13. Let \( f(x)=x^{3}-5 x^{2}+2 x+8 \) be a polynomial. (i) Show that \( x+1 \) is a factor of the polynomial \( f(x) \) (ii) Factorize the polynomial \( f(x) \) completely. (iii) Calculate the range of values of \( x \) for which \( 2 x+8>5 x^{2}-x^{3} \)

To tackle this polynomial problem, let's break it down into simpler steps. (i) To show that \( x+1 \) is a factor of the polynomial \( f(x) \), we can use the Remainder Theorem, which states that if a polynomial \( f(x) \) is divided by \( x-c \) and the remainder is zero, then \( x-c \) is a factor of \( f(x) \). Here, we will substitute \( x = -1 \) into \( f(x) \): \[ f(-1) = (-1)^3 - 5(-1)^2 + 2(-1) + 8 = -1 - 5 - 2 + 8 = 0. \] Since \( f(-1) = 0 \), it follows that \( x+1 \) is a factor of \( f(x) \). (ii) To factorize \( f(x) \) completely, we will perform synthetic division of \( f(x) \) by \( x+1 \): ``` -1 | 1 -5 2 8 | -1 6 -8 -------------------- 1 -6 8 0 ``` The result yields \( f(x) = (x + 1)(x^2 - 6x + 8) \). We can further factor \( x^2 - 6x + 8 \): \[ x^2 - 6x + 8 = (x - 2)(x - 4). \] Thus, the complete factorization of \( f(x) \) is: \[ f(x) = (x + 1)(x - 2)(x - 4). \] (iii) Now, to solve the inequality \( 2x + 8 > 5x^2 - x^3 \), we can rearrange it: \[ x^3 - 5x^2 + 2x + 8 > 0. \] We know the roots from our previous factorization \( f(x) \). The roots are \( x = -1, 2, 4 \).
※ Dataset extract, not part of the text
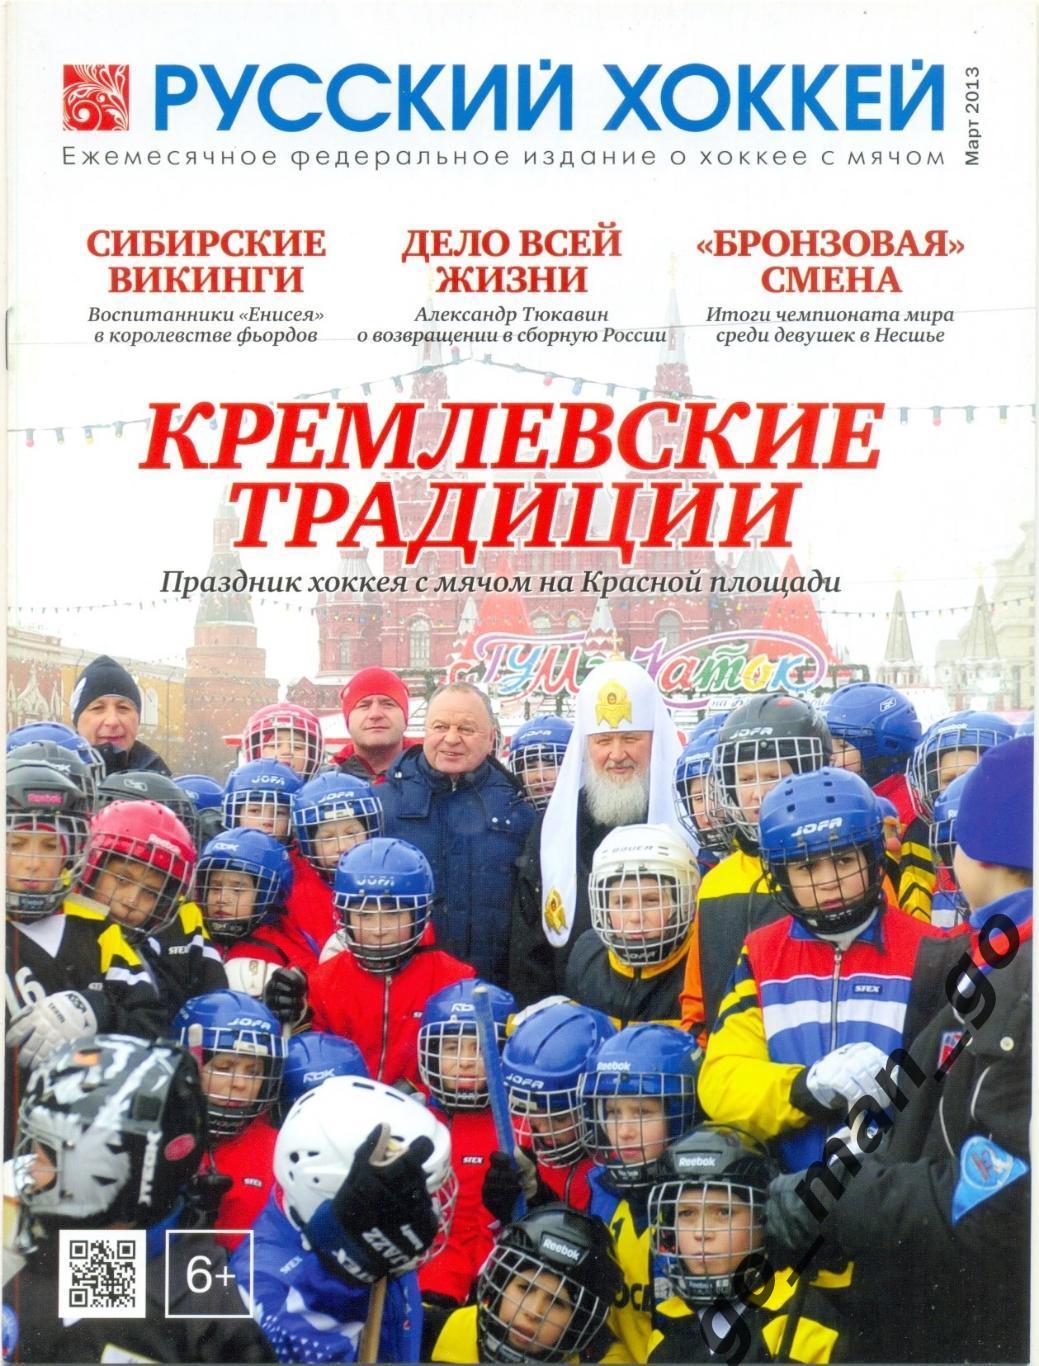 Журнал РУССКИЙ ХОККЕЙ, март 2013.

Testing intervals determined by these roots: 1. For \( x < -1 \), say \( x = -2 \): \( (-2 + 1)(-2 - 2)(-2 - 4) = (-1)(-4)(-6) < 0 \). 2. For \( -1 < x < 2 \), say \( x = 0 \): \( (0 + 1)(0 - 2)(0 - 4) = (1)(-2)(-4) > 0 \). 3. For \( 2 < x < 4 \), say \( x = 3 \): \( (3 + 1)(3 - 2)(3 - 4) = (4)(1)(-1) < 0 \). 4. For \( x > 4 \), say \( x = 5 \): \( (5 + 1)(5 - 2)(5 - 4) = (6)(3)(1) > 0 \). Thus, the ranges where \( f(x) > 0 \) are \( (-1, 2) \) and \( (4, \infty) \).